Sunday, August 19, 2012

A Tale of Weakness and Humility

So I'm not perfect.  I might have mentioned this before.  It's something that eats at me so I write about it a lot.  I don't talk about it too much because, goodness, how uncomfortable is it to be in a conversation with somebody who tells you they're not perfect in serious, sobbing tones?  Awkward.  But as long as you and I don't make eye contact, I feel like I can write about my not-perfectness without it being too big of a deal.

So, as I said, I'm not perfect.  Sometimes I wish my not-perfectness swung in a wide arc.  I wish I would take in a whole wide range of shallow flaws that could be methodically shot into smithereens.  I wish I could blow off the top of my pistol when I was all done shooting and shove the gun back into my holster satisfied that those weaknesses of mine would now be resting six feet underground.

But that's not so much how it is with me.  Instead I've got me some good, thick, sturdy, unsmithereenable faults.  Faults that have been around since before I can remember.  Faults that laugh in my face when I say, "Go ahead, make my day."  Faults that like to flake off one smidgen at a time per one-hundred rounds of bullets.

One of those trusty shortcomings is my temper under stress.  At the peril of my conscience that sometimes bathes overmuch in guilt, I read a quote by C.S. Lewis that said something like: the true measure of a person can be found in how they react under stress.  It's dogged me from the day I read it.  Because me and stress...sigh...that doggone temper.  And as you might have picked up from previous blog posts, having four small children sometimes exposes one to stress making it extremely difficult for me to imagine myself a heroine in a book.

So the other day after having flown off the handle and then after having watched my own children fly off the handle in such perfectly executed mimicry, I declared, "That's it.  We will have peace and happiness in our house!"  I sat my kids down and I told them what I was planning on doing to be better and asked them to commit to being better and I asked them if they would help me out and I told them I would help them out.  We talked about ways we could do this and then I noticed that I was losing them because I'd just been talking to a crowd of five and unders for like five minutes about things so irrelevant to their interests that they were left with nothing else to do to entertain themselves but contort their bodies into odd positions on the couch.  So I finished off with a, "What's our goal?"  And I got nothin'.  And I said, "We will have peace and happiness in our house."  And I had each of them repeat me.  And then I said to the Little Linebacker in a sudden realization, "Do you know what peace is?"  And he put out his hands and said, "It's a piece of a puzzle."  So I tried to clarify to him what peace was and then I asked, "And how does that make us happy."  And he said, "Because doing puzzles is fun."  And I said, "Awesome!"  And I let them go.

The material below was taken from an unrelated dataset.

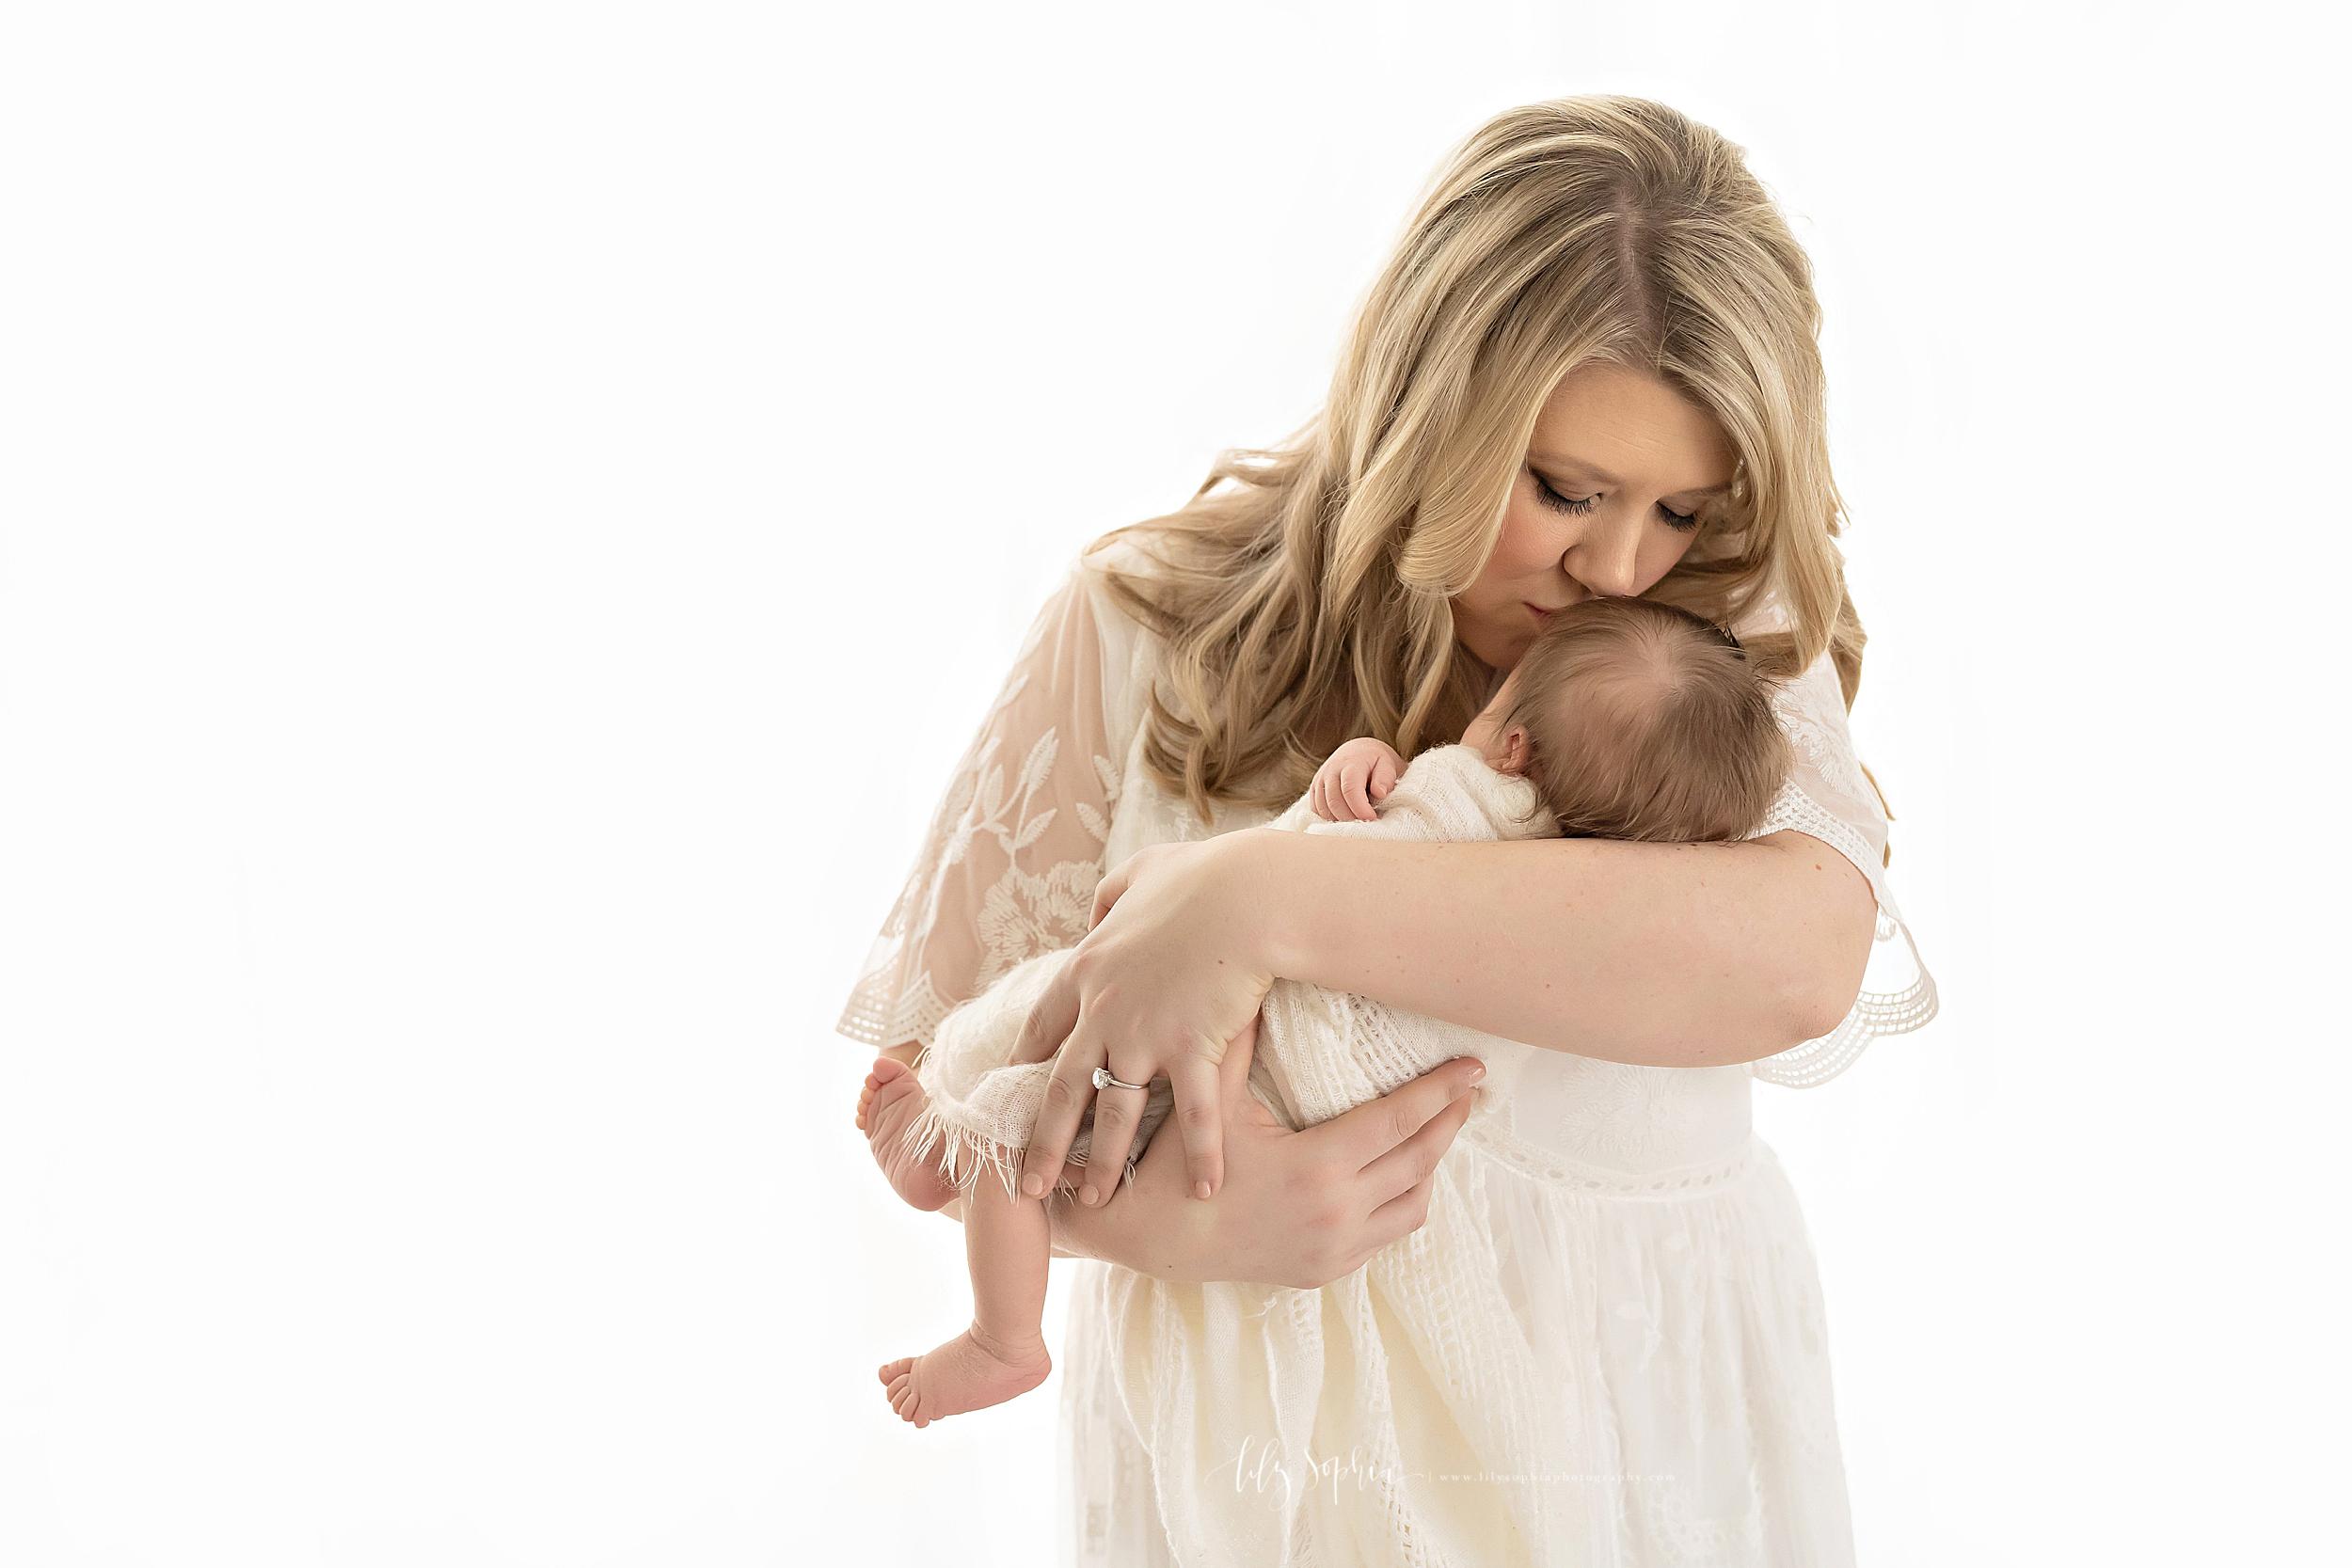 atlanta-midtown-brookhaven-ashford-dunwoody-virginia-highlands-roswell-decatur-lily-sophia-photography-newborn-baby-boy-big-brother-family-studio-session_0621.jpg

The very next night as we were getting ready for bed I walloped them again with my message of peace and happiness.  I told them that I felt like they had all done a good job that day but that we all needed to keep working at it.  And then I made them all repeat again what our goal was.  And then, like two minutes later, the Little Linebacker head-butted a one-year old girl who was visiting us and I started into shouting at him like nobody's business.  Captain Kindergarten and the Sidekick were jumping by my shoulder shouting, "Count to ten Mom.  Count to ten!"  But I wasn't ready to count to ten yet.  I had to let that Little Linebacker know just how naughty he was.  CK and SS kept at me though, "Count to ten Mom.  Count to ten!"  After their second reminder I counted to five and then in a calmer voice spoke with the Little Linebacker who apologetically burst into tears.

Captain Kindergarten said, "Mom you should have counted to ten when we told you to."

And I said in a perfect huff of justification, "Well the Little Linebacker needed to know that was naughty."

After that we brushed teeth, and read stories.  My one-year old and the visiting one-year old crawled all up and around us while we read and then one fell and scared herself so she started crying which made the other one cry and I only had a couple of pages to go in the story but CK couldn't take the crying but SS couldn't stand for the book to be done and I lost my temper again.  And CK and SS said again, "Mom count to ten!"  And I was utterly frustrated with them and their corrections.

So I put the babies to bed and then came back and finished the stories and tucked everybody else in too.  By the time I was getting the Sidekick Sister all snuggled in I'd come to my sensible self - that part of myself that thinks losing my temper really isn't too justifiable nor is being a hypocrite - and so I said to the Sidekick, "Thanks for telling me to count to ten today.  You really helped me out to try and be better."

And she pulled her thumb out of her mouth and she said, "That's what families are for."  And she put her thumb back in and closed her eyes.

I'll tell you what, do you want to be humble?  Be a Mom.

1 comment:

gretchen said...

Such a cute family you have! I like this reminder. Also, Little Linebacker's "peace" comments are hilarious!!